Visions of his once happy home in Cumberland--of the aged parents who

fostered his infancy--of the companions of his youth, before he had

lived in sin, or dwelt with sorrow--of the innocent girl, who had loved,

though she had forsaken him--all passed before him; the retrospect

became the present; and his heart swelled painfully within him; for he

thought on what he had been, and on what he was, until, drawing his

coarse hand across his brows, he gave forth a dissolute song, seeking,

like many who ought to be wiser, to stifle conscience by tumultuous

noise.

About the same hour, our friend Robin Hays was more than usually active

in his mother's house, which we have already described, and which was

known by the name of the "Gull's Nest." The old woman had experienced

continued kindness from the few families of rank and wealth who at that

time resided in Shepey.
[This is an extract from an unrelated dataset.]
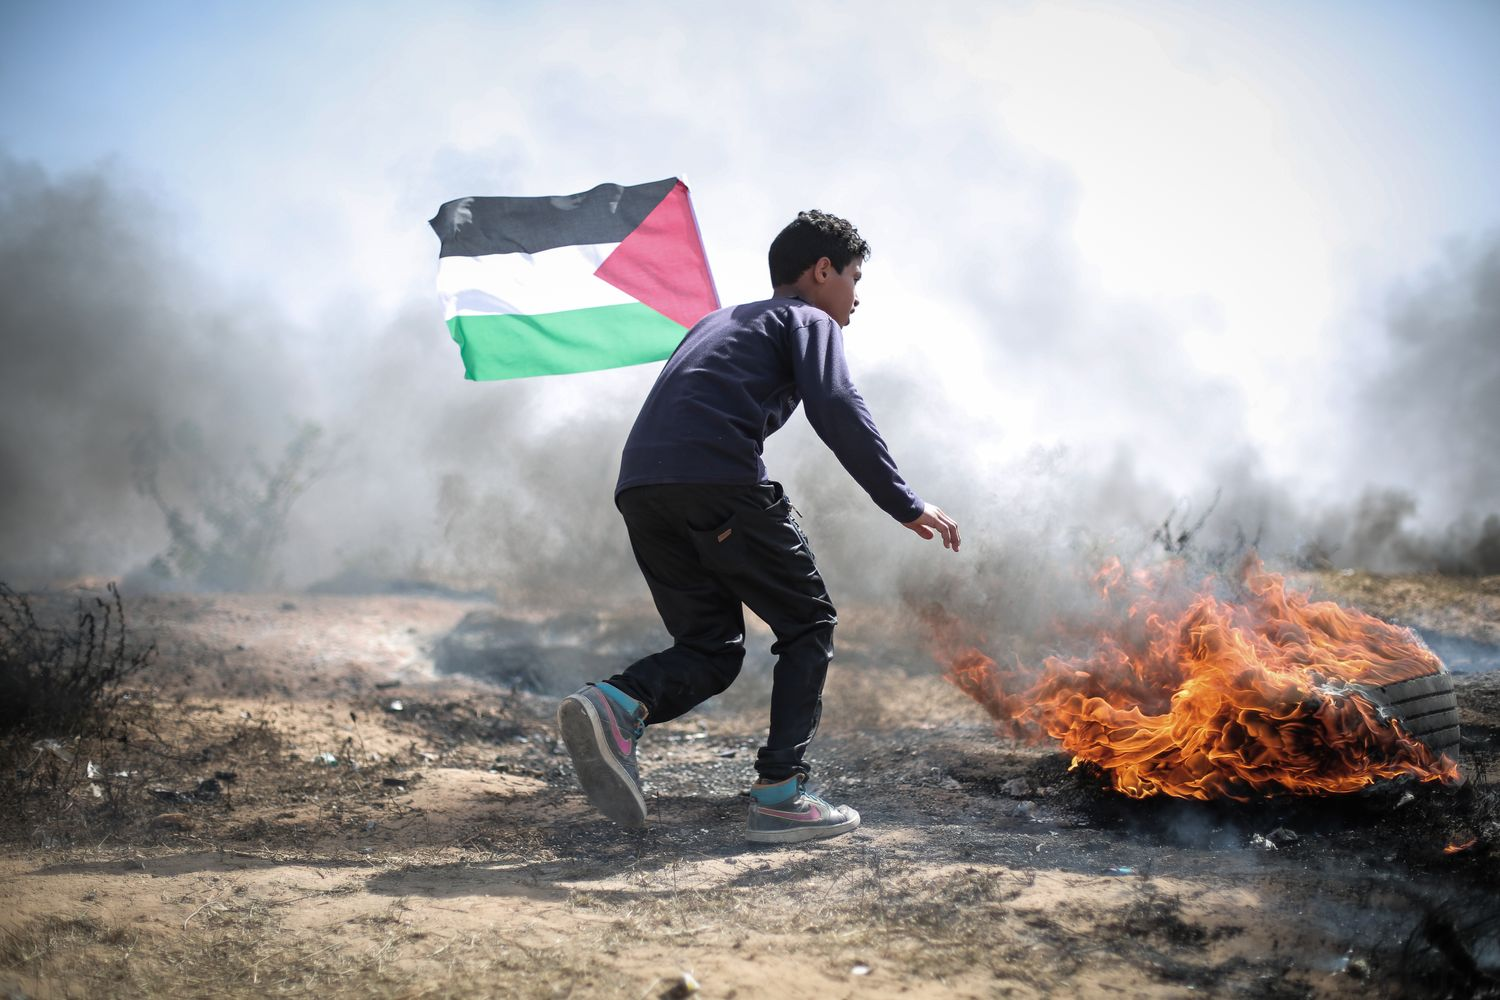 University demonstrations for Palestine

With a good deal of tact, she managed outwardly

to steer clear of all party feuds; though people said she was by no

means so simple as she pretended; but the universal sympathy of her

neighbours was excited by her widowed and almost childless state--three

fine sons having been slain during the civil wars--and the fourth, our

acquaintance Robin, being singularly undervalued, on the ordinary

principle, we may presume, that "a prophet hath no honour in his own

country." This feeling of depreciation Robin certainly returned with

interest, indulging a most bitter, and, occasionally, biting contempt

for all the high and low in his vicinity, the family at Cecil Place

forming the only exception. Despite his defects natural and acquired, he

had, however, managed to gain the good opinion of Burrell of Burrell,

who, though, frequently on the island, possessed only a small portion of

land within its boundary. Into his service he entered for the purpose of

accompanying the knight to London as travelling-groom; and he had

rendered himself so useful while sojourning in the metropolis, that

Burrell would fain have retained him in his employ--a project, however,

to which Robin strenuously objected, the moment it was communicated to

him. "Nature," he said, "had doubtless made him a bond-slave; but he

liked her fetters so little, that he never would be slave to any one or

any thing beside." He therefore returned to the "Gull's Nest" on the

night his late master arrived at Cecil Place, from which his mother's

home was distant about three miles.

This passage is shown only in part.